Woodhull’s Sexual Freedom Summit 2016

Woodhull’s Sexual Freedom Summit 2016 August 17, 2016

When I went to Woodhull last year, I was convinced that I stumbled into an amazing world full of some of the awesomest sex-positive people in existence. Returning this year only served to reinforce that impression.

Since I was awarded a blogger scholarship from Woodhull, I’ve made an effort to disseminate as much information about/for/from the conference as possible. That’s the main point of this post, but I’ll also note for folks who couldn’t be there, the main Twitter hashtag, #sfs16, provides a glimpse into the conference as it was happening. There are hashtags for each of the main workshop/panel topics, too (for now, you can find the hashtags listed next to each session in the schedule). At times my notes are a little thin because I was focusing on live-tweeting as much as I could!

I’ll start with the social events. I spent a lot of time reconnecting with colleagues and making new friends, and I continue to be amazed at the depth of passion and knowledge we’ve accrued in the sex-positive community. I hung out with people who work as sex therapists, doulas, sex/relationship coaches, psychologists, sex workers, dancers, activists, and more. I didn’t make it to Bedpost Confessions this year (which is a shame because of course I’m interested in the intersections of sexuality and storytelling), but I did make it to the Burlesque & Bubbles event, and I loved all the body positivity and humor I saw showcased. The awards ceremonies were also wonderful; I wasn’t familiar with the work of each person being honored with a Vicki Sexual Freedom Award, but now they’re on my radar so I’m getting to expand my sense of who’s who in this field.
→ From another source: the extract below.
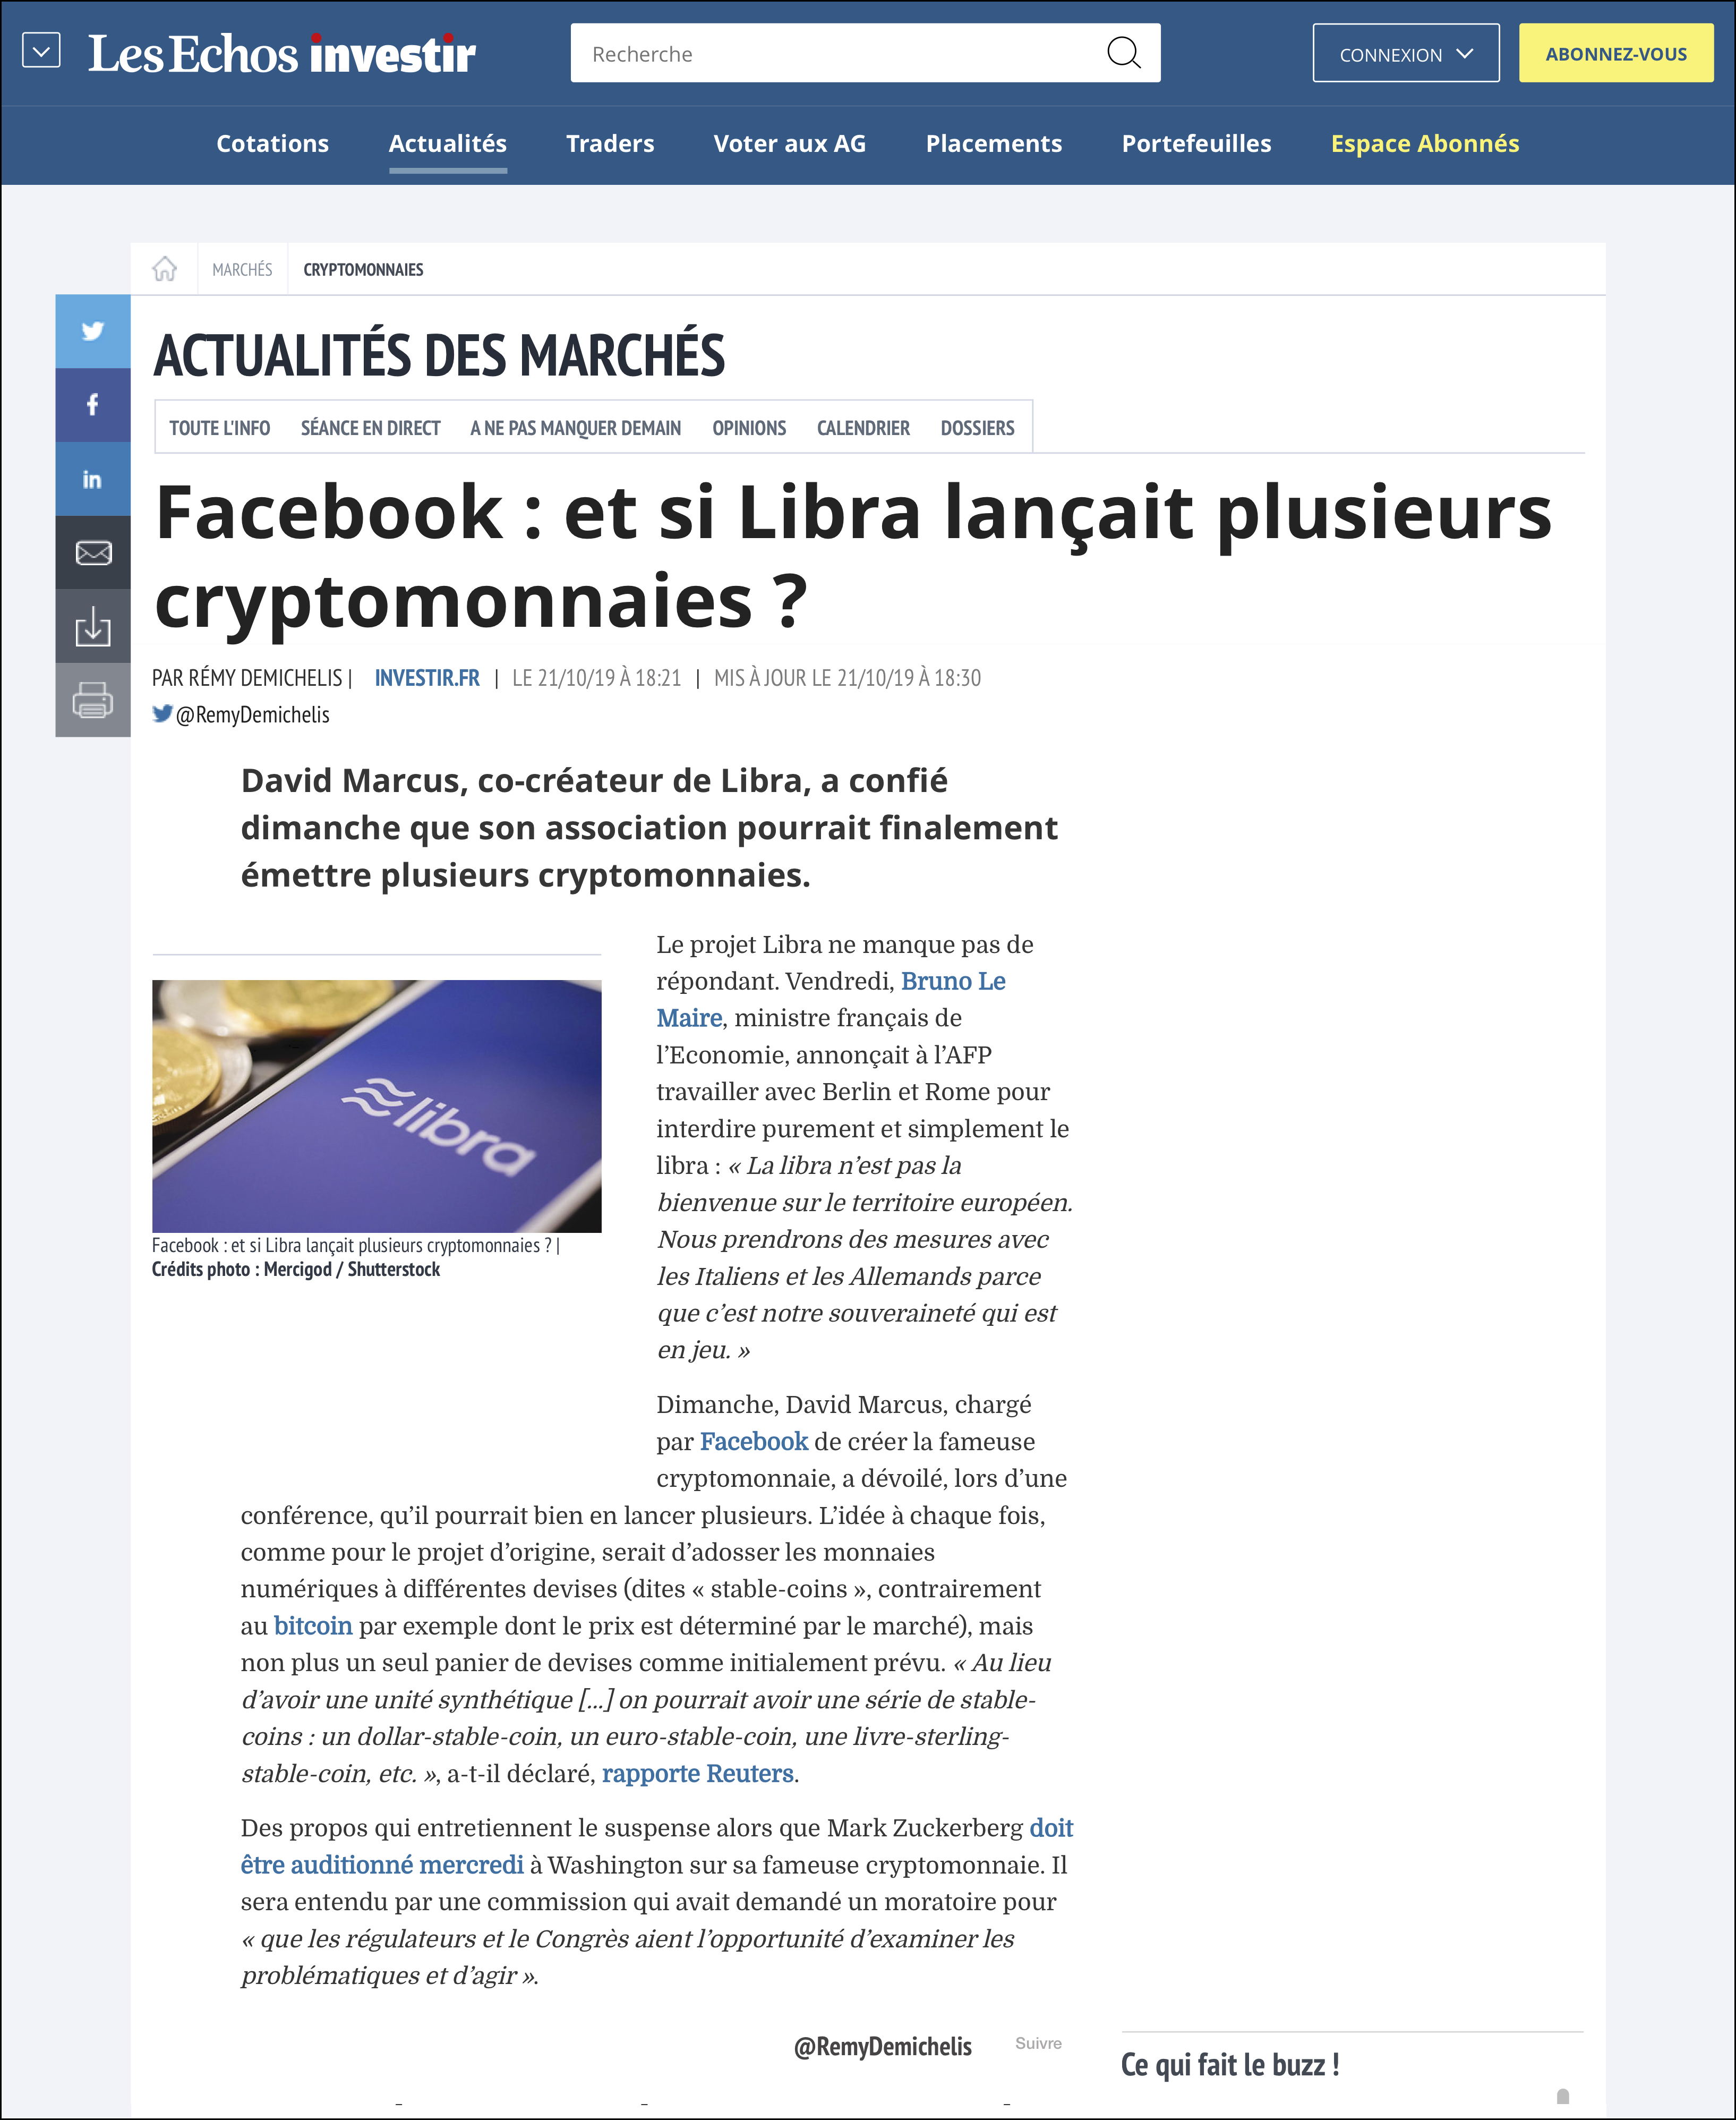 Facebook _ et si Libra lançait plusieurs cryptomonnaies _, Cryptomonnaies - Investir-Les Echos Bourse.jpg
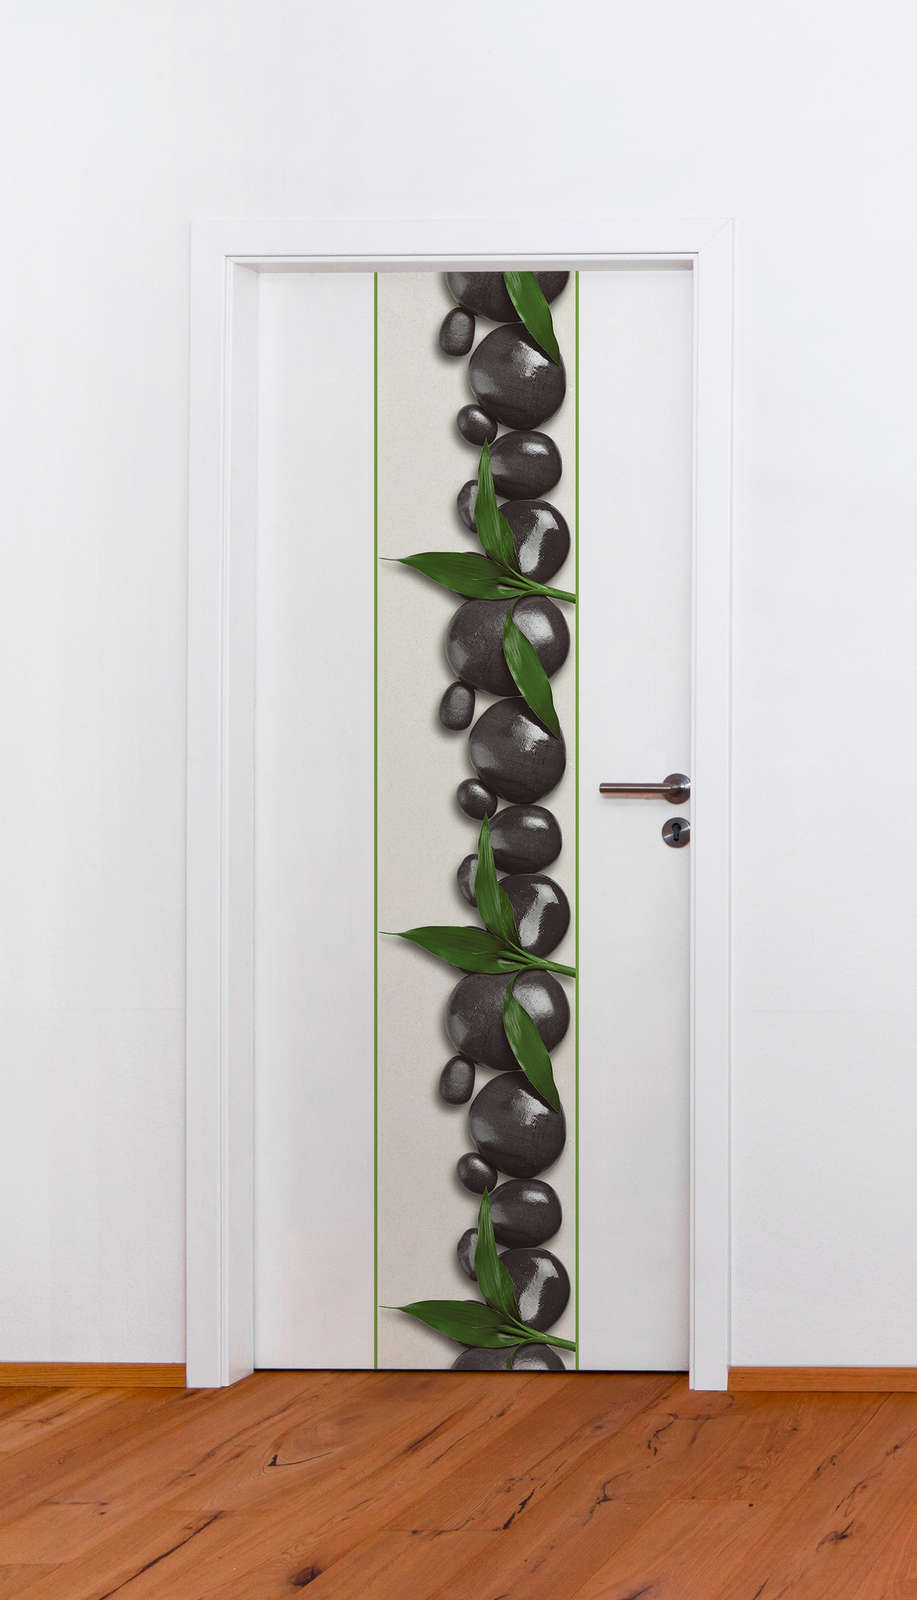             3D motif wallpaper with wellness stones - cream, green

For those who have never been to a sexuality conference before, I’ll note that Woodhull sets a pretty high bar. Like many progressive events, Woodhull has an accessibility policy and an etiquette policy that includes guidance for obtaining consent (even for photos and hugs and handshakes). All our name badges had a place for us to write in our gender pronouns. Many of the participants are already very sophisticated communicators with deep understandings of identity and intersectionality, and thus it felt like a really safe place to just be yourself. The hallways of the conference were filled with tables promoting sexual health and selling sex toys among other things, but everyone was very respectful and apart from listening to people talk about sexual topics, nobody was in anyone’s face with flirting or sex acts, which is a misconception that some folks seem to have about sex positivity meaning anything goes.

One important event was the keynote presented by 3 members of WoCSHN, the Women of Color Sexual Health Network. Aida Mandalay, Trina Scott, and Cindy Lee Alves discussed the long history of women of color battling for reproductive rights as well as more recent occurrences in the sexual health field that have ranged from inclusive to exclusive. From the erasure of POC voices in recent sex ed publications to professional conferences like AASECT, white folks in the sexuality field need to take a good hard look at ourselves to see if we’re (intentionally or not) perpetuating exclusion and erasure. The good news is, there are some fruitful partnerships to help promote and support the work of non-white sexuality professionals (you can see more at the hashtag, #SFSAction).

I’m going to cover 3 of my favorite panels in their own posts (part 1 is here; part 2 on masculinity is here), so I’ll just mention that there were other panels I didn’t make it to, but wanted to, on: microaggressions, eugenics still being a thing, masculine victims of sexual assault, decolonizing sex positivity, the experiences of sex workers, the need for military-inclusive sex-positive spaces, and diversity in the BDSM community.

For more info about the conference sessions and the conference as a whole, check out the following links:

I’m going to conclude my recap with a heartfelt message of thanks to Metis Black of the company Tantus, who once again sponsored the blogger lounge. Companies like Tantus, and organizations like Woodhull, recognize that bloggers and social media folks in general help get the word out about the very real forms of oppression occurring in the realms of sexuality, gender identity, relationship style, family, and more. Our public outreach is indispensable to the educational and activist mission of Woodhull, and it’s great to be valued for such.

Coming to Woodhull very much feels like coming home. As I wrote over at Inside Higher Ed, academe (my first career/intellectual home) isn’t very sex-positive. When I attend Woodhull, I get similar warm fuzzy feelings as when I’m at a folklore conference: I’m interacting with friends, colleagues, people who are passionate about the same things I am… but we sexuality professionals are also committed to a vision of the world that includes revolutionizing the sexual and professional boundaries that arbitrarily and unnecessarily hold us back.

The people at Woodhull share my dream for a more sex-positive society, and we’re all doing what we can do make it happen. Many of them, like me, identify as sex geeks or sex nerds. In short, they’re my people. Gathering so many of my people in a place where we also promote learning and tolerance is pretty much the best thing ever, and that’s why I plan on being a permanent fixture at Woodhull.